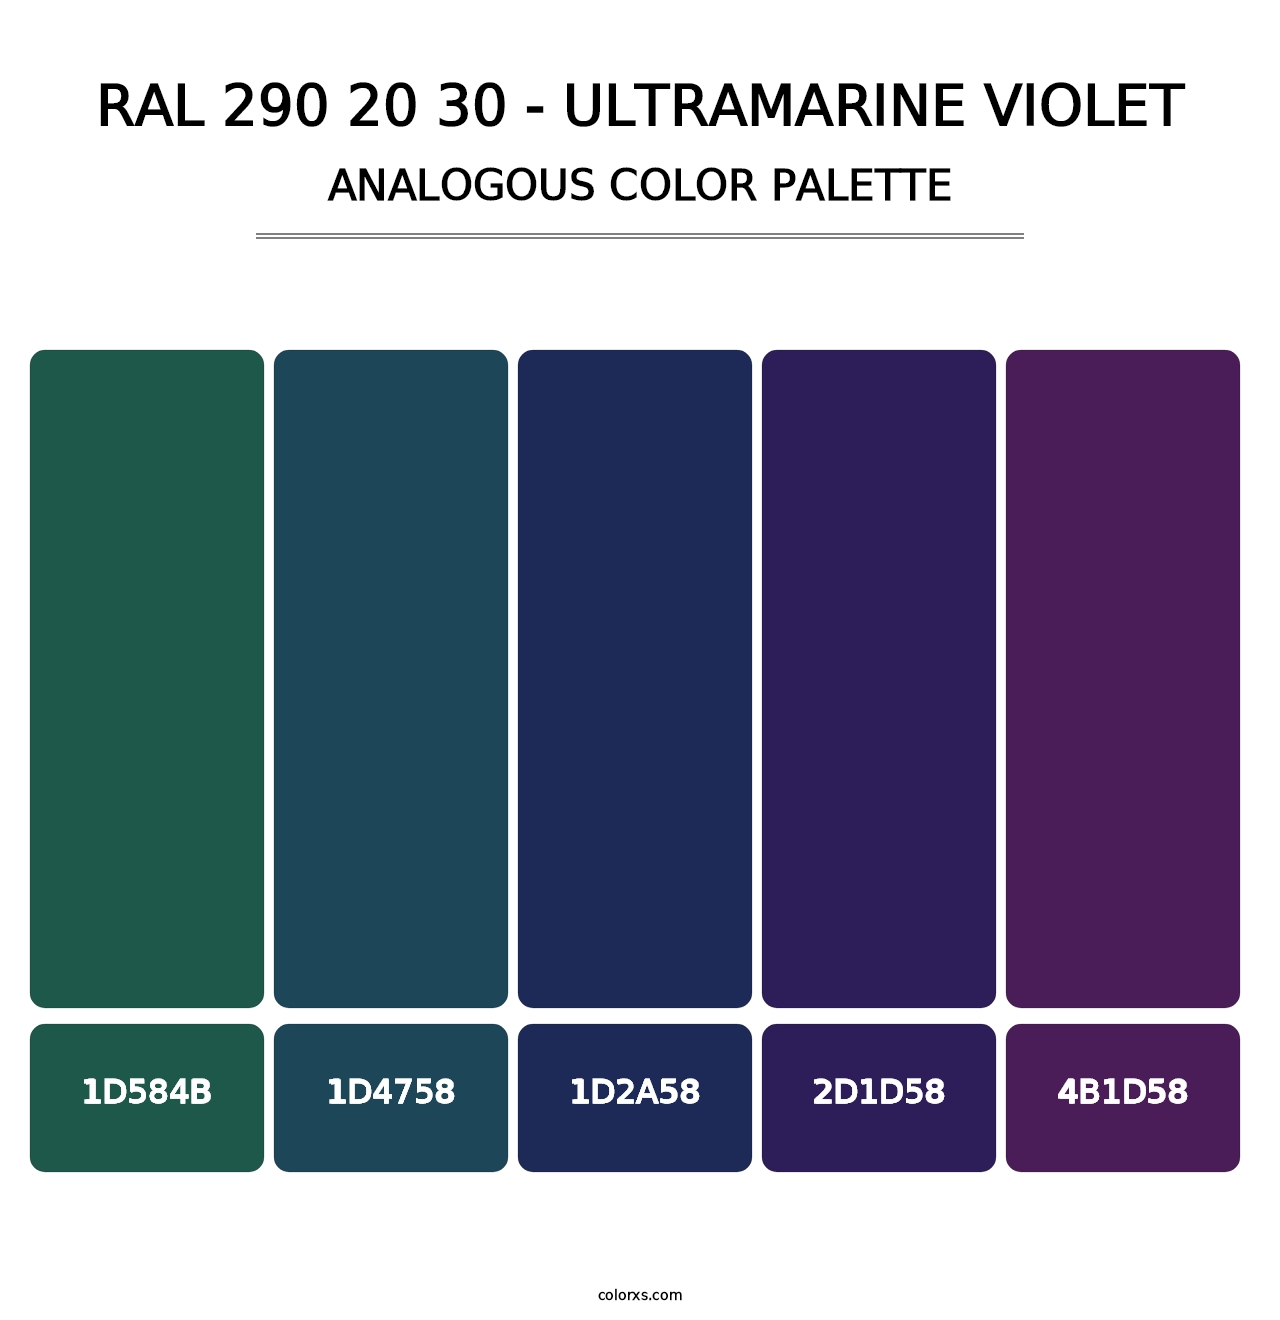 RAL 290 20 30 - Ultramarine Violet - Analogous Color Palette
******************************
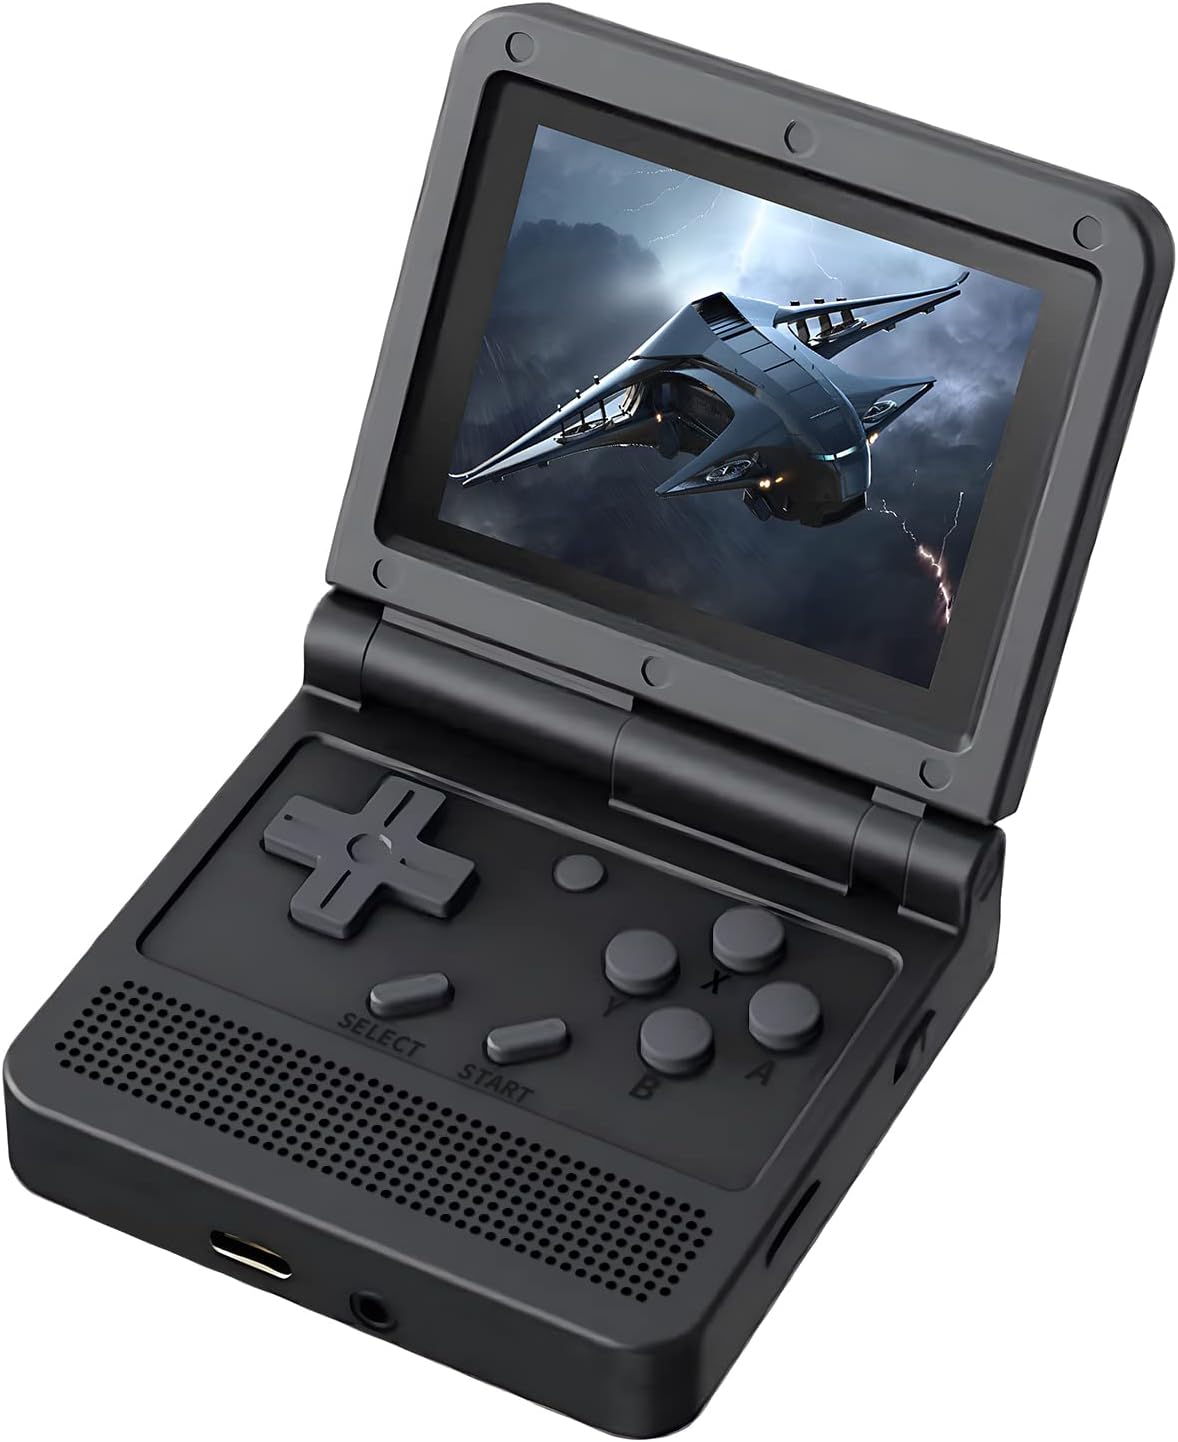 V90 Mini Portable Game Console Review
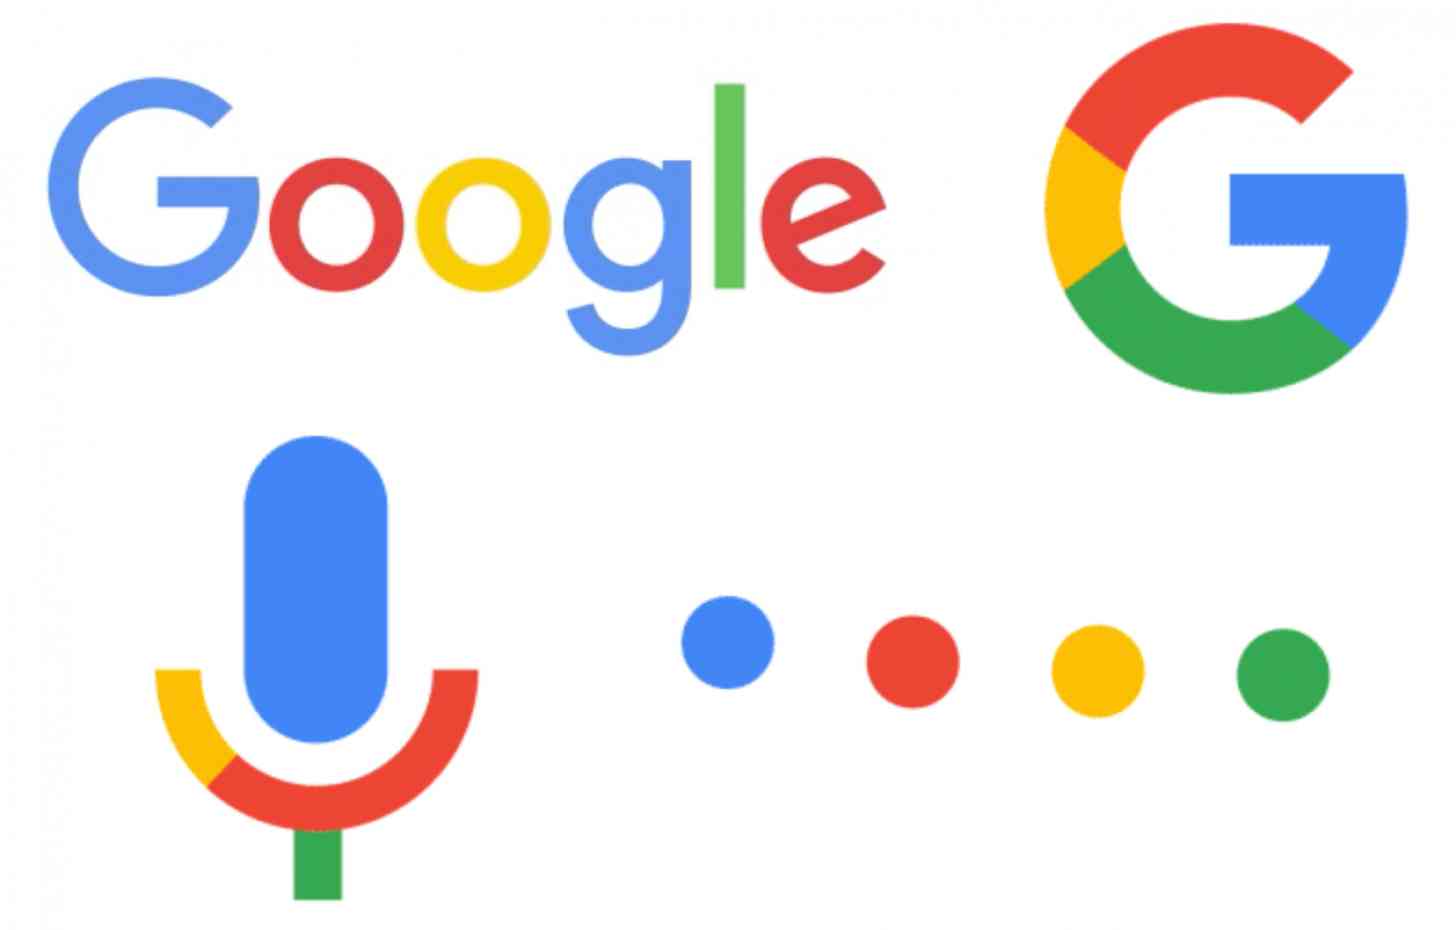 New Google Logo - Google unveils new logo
******************************
▶ **Prompt**:
Could you transcribe exactly the entries above, but only the lines from the one with "V90 Mini Portable Game Console Review" through the one with "New Google Logo - Google unveils new logo", and without pictures?

▶ **Task answer**:
 V90 Mini Portable Game Console Review
 New Google Logo - Google unveils new logo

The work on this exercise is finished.